The PTX100W NFC charger IC provides an output power at the charging device’s antenna of >2.5W. The high output power enables much faster charging, making it viable for manufacturers of consumer devices that only have space for a small antenna to eliminate the wired charging circuit from next-generation product designs.
Manufacturers of mobile and wearable devices are looking to replace wired charger connections with wireless charging, because of its convenience, design flexibility and reliability benefits. Qi wireless charging, popular in smartphones, is unsuitable for smaller devices because it requires a large antenna and costly circuitry. Qi antennas also lose charging efficiency unless precisely aligned.
NFC wireless charging benefits from small antenna size with high tolerance of antenna misalignment, and because of the NFC protocol’s support for data communication with a host such as a smartphone. However, adoption has been held back due to the low output power provided by conventional NFC controller ICs.
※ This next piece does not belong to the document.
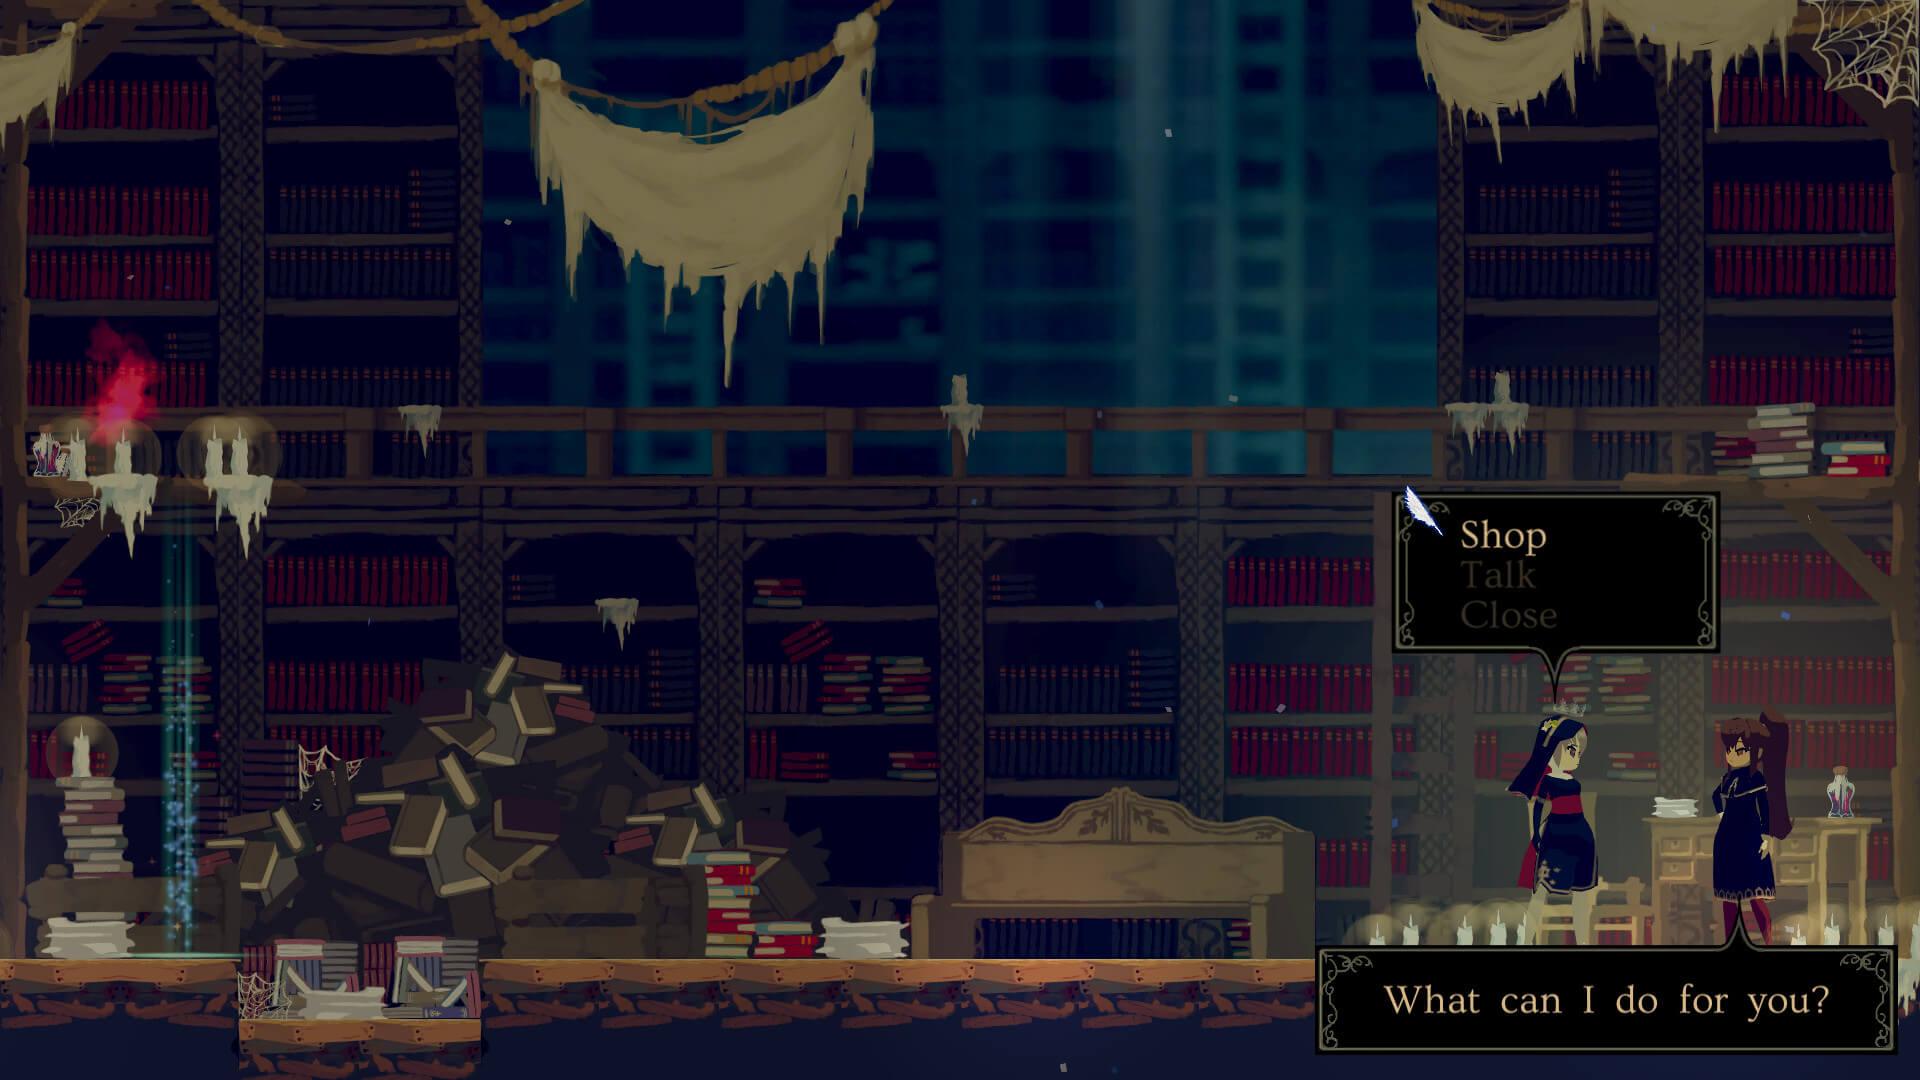 Скриншот из игры Minoria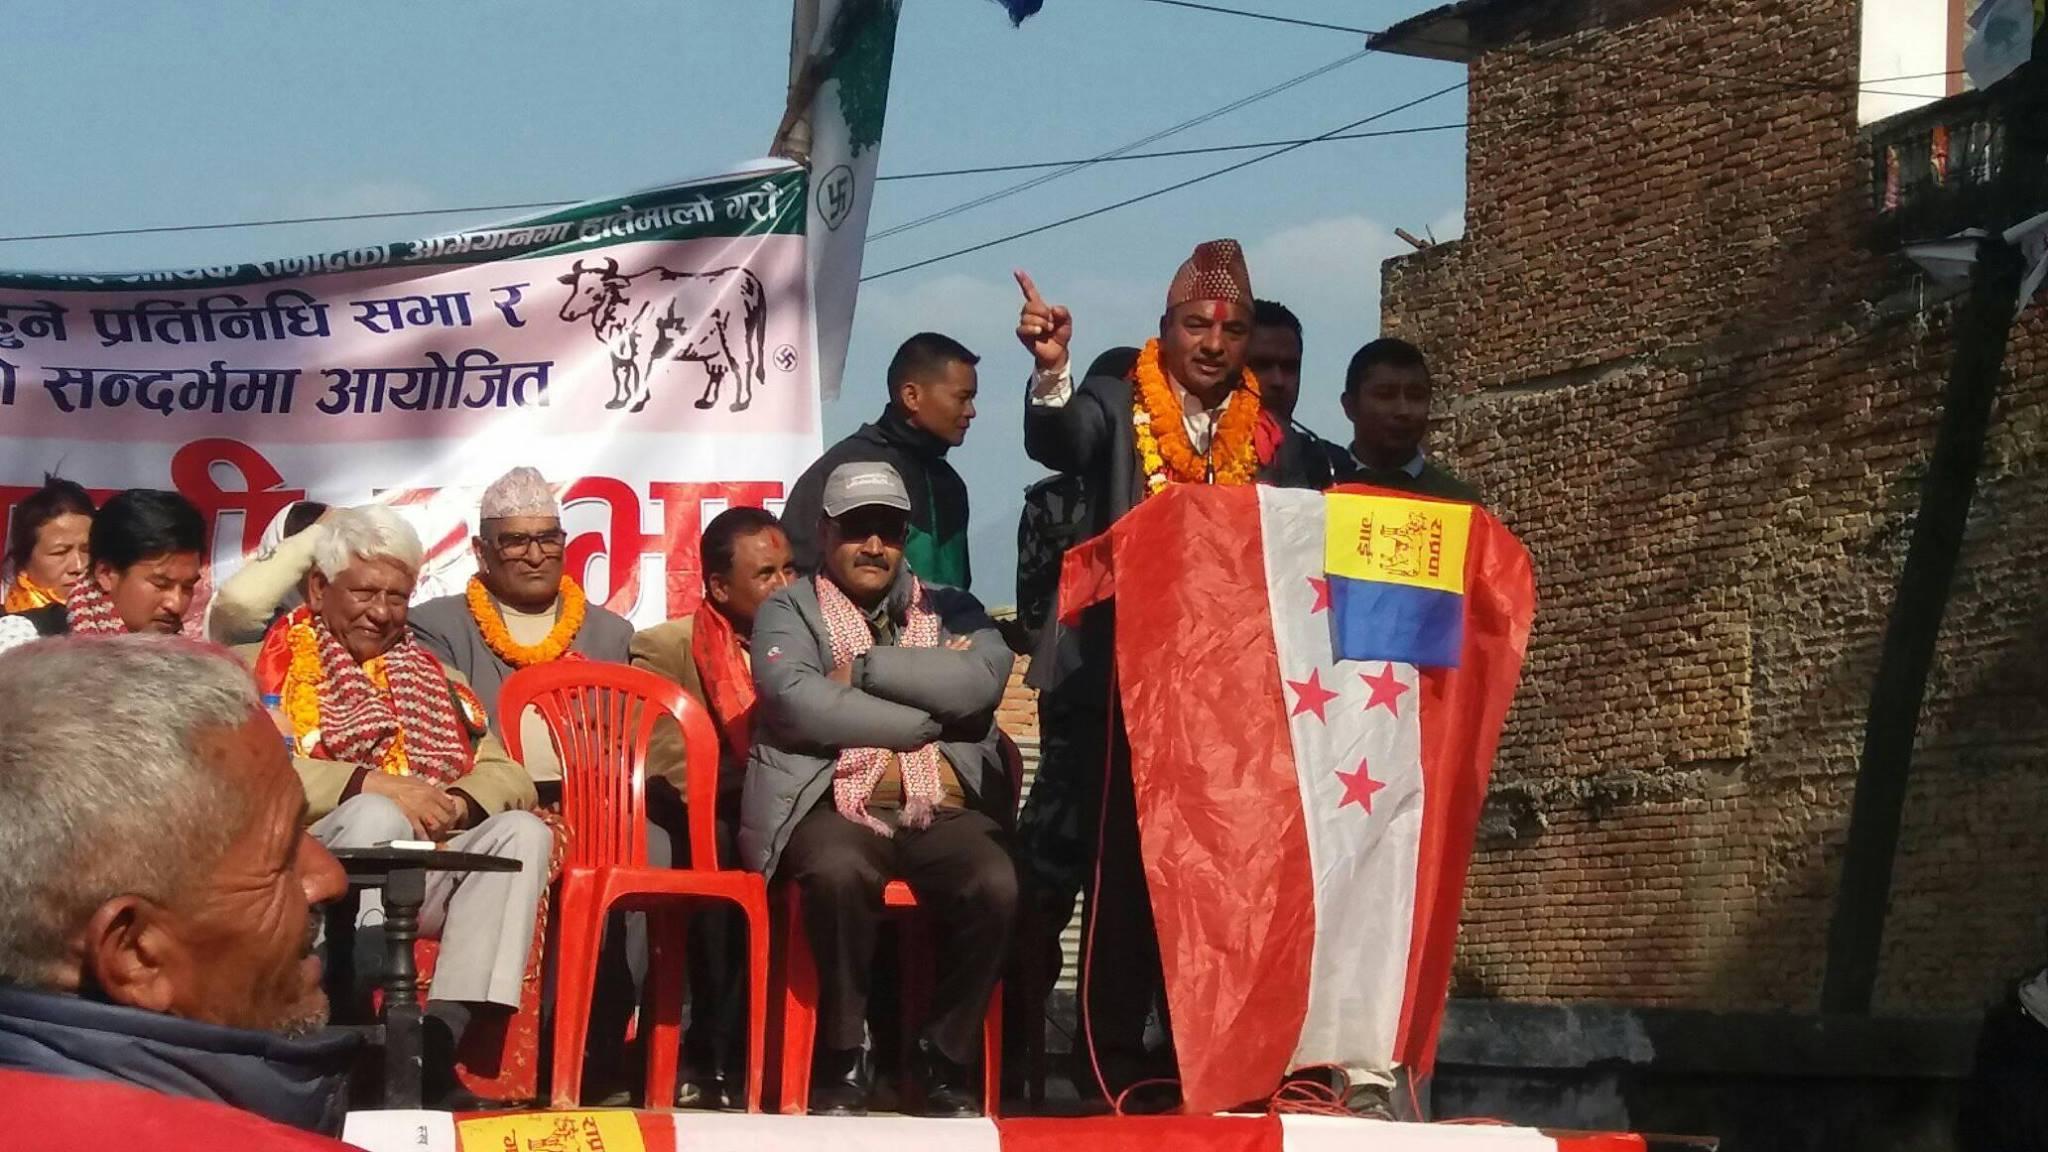 काठमाण्डौ ७ मा आफूले बाजी मार्ने लोकतान्त्रिक उम्मेदवारहरुको यस्तो छ आंकलन

The PTX100W now makes wireless charging via an NFC interface suitable for any device with a battery smaller than 500mAh.
The PTX100W uses a patented sine wave architecture developed by Panthronics. This architecture disposes of the lossy EMC filter circuitry required in conventional NFC controllers, which have a square-wave output signal. With the elimination of the EMC filter, it is possible to achieve an antenna matching impedance some two times lower than that of a conventional solution which has an EMC filter. These two features enable the PTX100W NFC charger to drive much higher power through an NFC antenna than existing NFC ICs, while minimising the power losses introduced by external components.
The PTX100W also supports NFC data communication while charging – data exchange operations are fully compliant with NFC Forum specifications. Panthronics’ DiRAC (Direct-to-Antenna Connection) technology eliminates the EMC filter, but also allows the receiver to directly sense antenna signals with high dynamic range via its patented receiver input stage.
Panthronics, working with Renesas, has developed a demonstration design of a wireless charging system for a wearable device, based on the PTX100W and a Renesas Synergy S128 MCU. The PTX100W NFC charger, which has a standard serial peripheral interface for communication, is compatible with any standard low-power MCU device.